We used a Linux EC2 machine so I’ll focus on that. First of all, you want to make sure that the EC2 machine has an encrypted volume attached to it. This ensures that the data you export doesn’t end up on a non-encrypted disk in AWS (so as not to violate any security rules or policies for your data). At the time of writing this blog entry, EC2 machine root volumes cannot be encrypted, but you can attach encrypted volumes to them. In summary, from the AWS web console, in the EC2 console, you can create an encrypted volume and attach it to your EC2 machine. Then log on to your machine, format the volume, and mount it. I’m sure there are various guides out there for this, so I won’t focus on the nitty gritty.

ssh into your Linux EC2 instance and ensure that mysql client is installed by typing in the “mysql” command. If not, try “yum install mysql” to install it. Next, if you have security group (firewall) rules applied to your RDS instances, make sure that the EC2 machine can connect to the databases (add the IP for the EC2 machine to your RDS security group(s)). Ensure you can connect to your database by typing in the following command: mysql -u (username) -p –host=(database hostname)
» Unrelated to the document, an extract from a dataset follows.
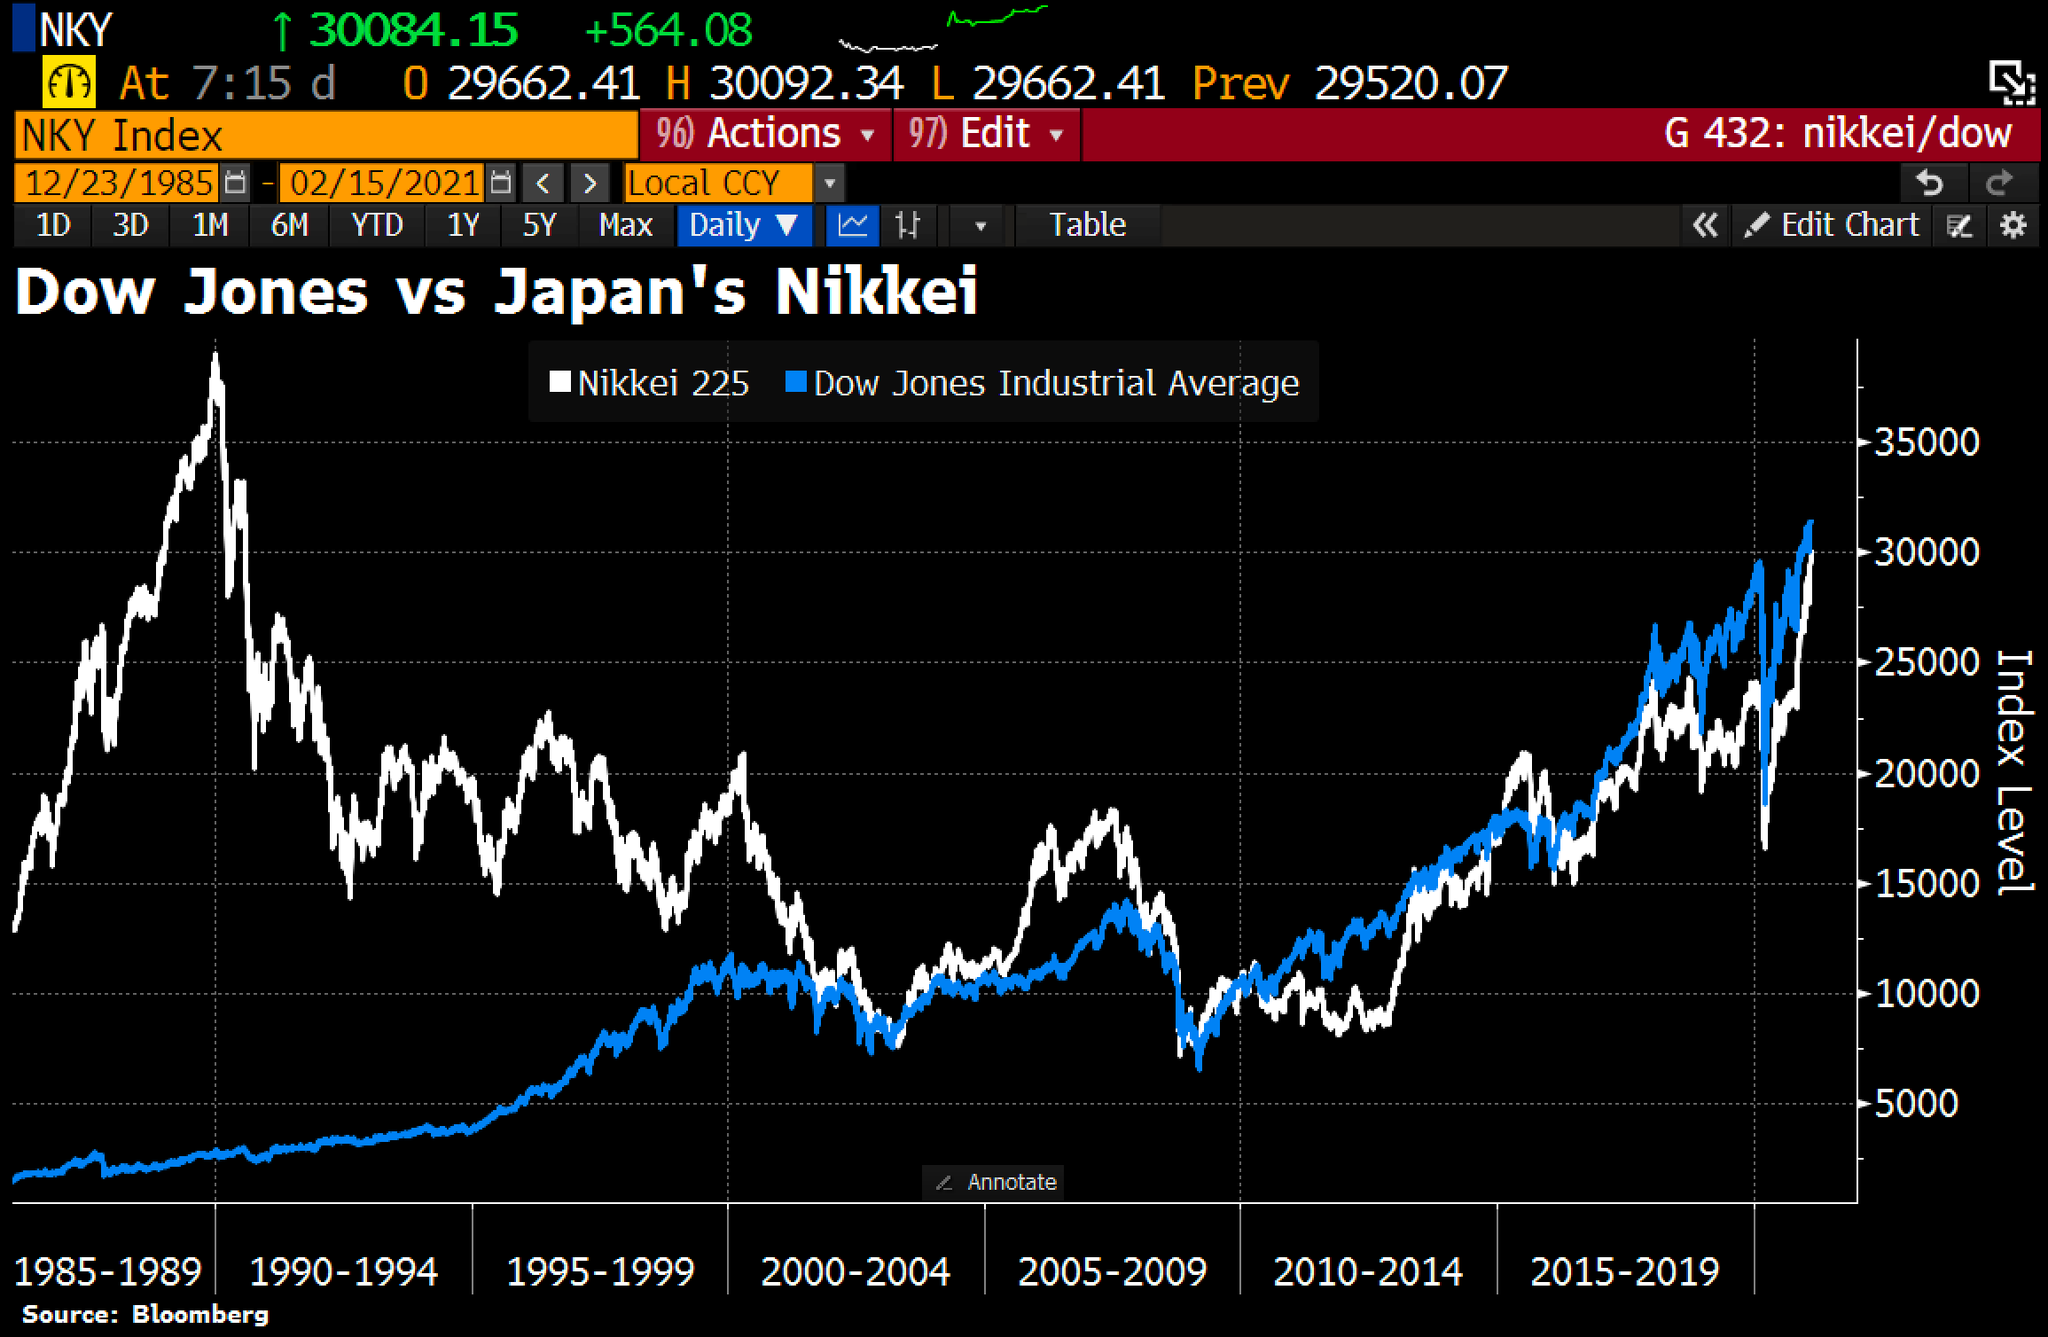 Compare & contrast: 30 years of the Dow vs. Nikkei

You will probably want to create the new encrypted databases in RDS ahead of time from the actual scheduled “maintenance” with your users, so that there is minimal downtime during the actual maintenance window. So assuming your encrypted databases are created and ready, you’re in the maintenance window and are ready to migrate, and have taken your live applications offline, you can begin exporting data from each database.

Now you’re finally ready to export the data from the database. Connect to the EC2 linux machine and cd to the directory the encrypted volume is mounted on. Type in the following command to dump the database from the old non-encrypted MySQL RDS instance:

mysqldump –opt –events –routines –triggers –user=(username)-p –host=(hostname) (database name) > (database name).sql

Of course you’ll want to replace the username, hostname, and database names (everything in parenthesis) with real values. You will be prompted for the password. This command includes everything you’ll need from your old database. More information, or if you want to include multiple databases from the same MySQL server, can be found here on the mysqldump command: http://dev.mysql.com/doc/refman/5.7/en/mysqldump.html

Then to import the data into your new encrypted database, use the following command:

mysql –user=(user) -p –host=(hostname) -e “drop database if exists (database name); create database (database name); use (database name); source (database name).sql;”

Note that the export is usually very fast, but the import is slower. Also note that if you changed the username from what it was in the old database, you’ll need to modify all instances of the username in the .sql file dumped from mysql dump. In order to accomplish that, try this sed command:

sed -i “s/\`(old username)\`@\`%\`/CURRENT_USER/g” (database name).sql

Lastly, after the export and import are finished, update the hostnames of the old databases with the new ones in all your applications. Try out your applications to ensure your new databases are being queried. And once everything checks out, at this point you are ready to update your live applications and put them back online!